High-Risk Ports That Should Usually Remain Closed
| Port | Service | Reason |
|---|---|---|
| 23 | Telnet | Unencrypted login protocol |
| 137–139 | NetBIOS | Legacy file sharing, lateral movement |
| 445 | SMB | Exploited by many ransomware groups |
| 1433 | MSSQL | Common brute-force target |
| 3389 | RDP | Should only be used with VPN + MFA |
If these must remain open: restrict by IP, enable MFA, monitor with SIEM, and apply full logging.
SIEM Alert Tuning for Firewall Events
Use your SIEM to alert on:
- New open ports without change tickets
- Traffic to or from disallowed high-risk ports
- Excessive blocked outbound traffic
- Unauthorized port scans or recon behavior
Example logic:
(event.type=firewall_rule_change AND user!=approved_admin)
OR
(dest_port=445 AND src_ip NOT IN approved_vpn_ranges)
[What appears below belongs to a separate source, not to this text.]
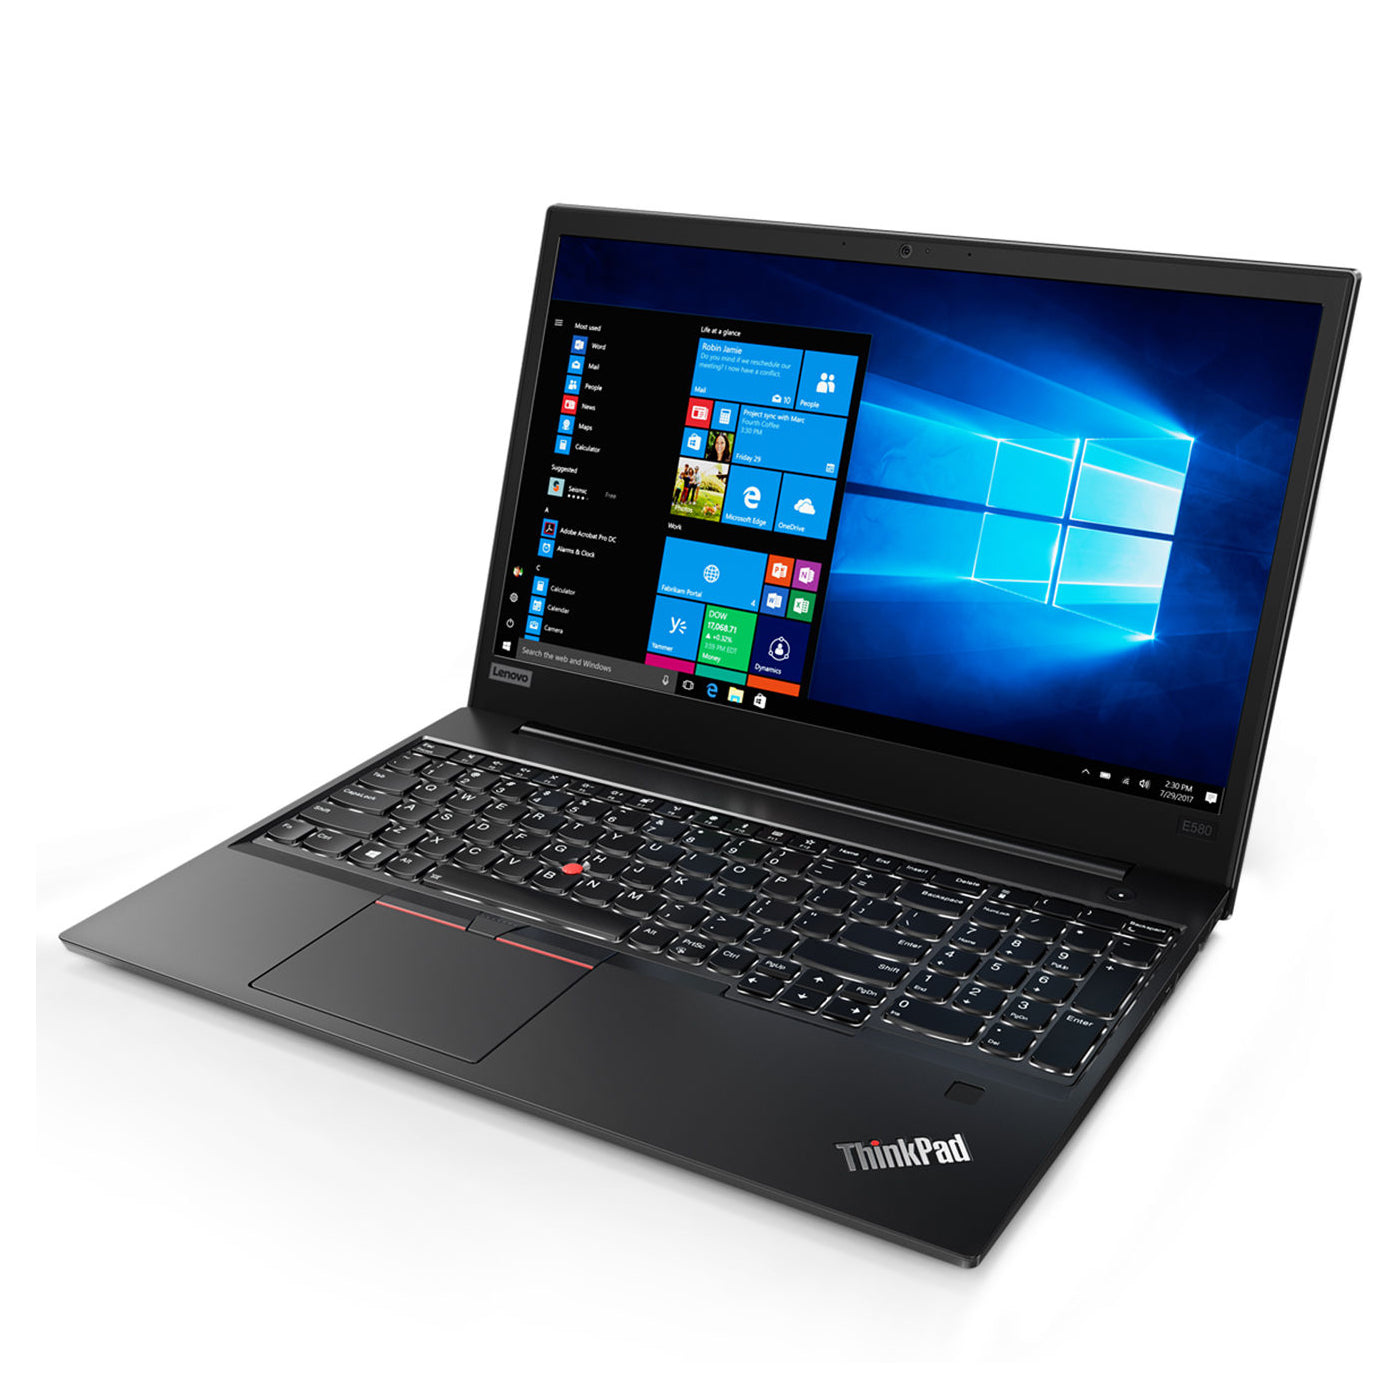 Lenovo Thinkpad E580 Core i5-8250u 15.6" Laptop Offers (Open Box)

Tune alert thresholds to avoid noise, but maintain visibility on escalation paths, lateral movement, and data egress.
Splunk-Specific Monitoring and Dashboards
Splunk is an ideal platform for port monitoring at scale.
To identify blocked outbound traffic:
index=firewall action=blocked direction=outbound
| stats count by src_ip dest_ip dest_port
To find uncommon ports:
index=network
| stats count by dest_port
| where dest_port > 1024 AND count > 100
To monitor external RDP usage:
index=firewall dest_port=3389 src_ip!=10.0.0.0/8
| stats count by src_ip dest_ip
Build dashboards for:
- Top 20 destination ports (internal and external)
- Trends in denied outbound traffic
- Changes in allowed inbound port sets
- Open port vs. asset role validation
Use lookup tables for approved port lists and alert on deviations. Combine firewall logs with EDR and asset inventory data for context-aware decisions.
Conclusion
Effective firewall control starts with evidence, not assumptions. Combine network discovery, service validation, traffic monitoring, and SIEM analysis to build a defensible allowlist. Tools like Nmap, Wireshark, Nessus, and Splunk provide the technical insight. Deny by default, document every rule, and treat your firewall like a living system — not a one-time configuration.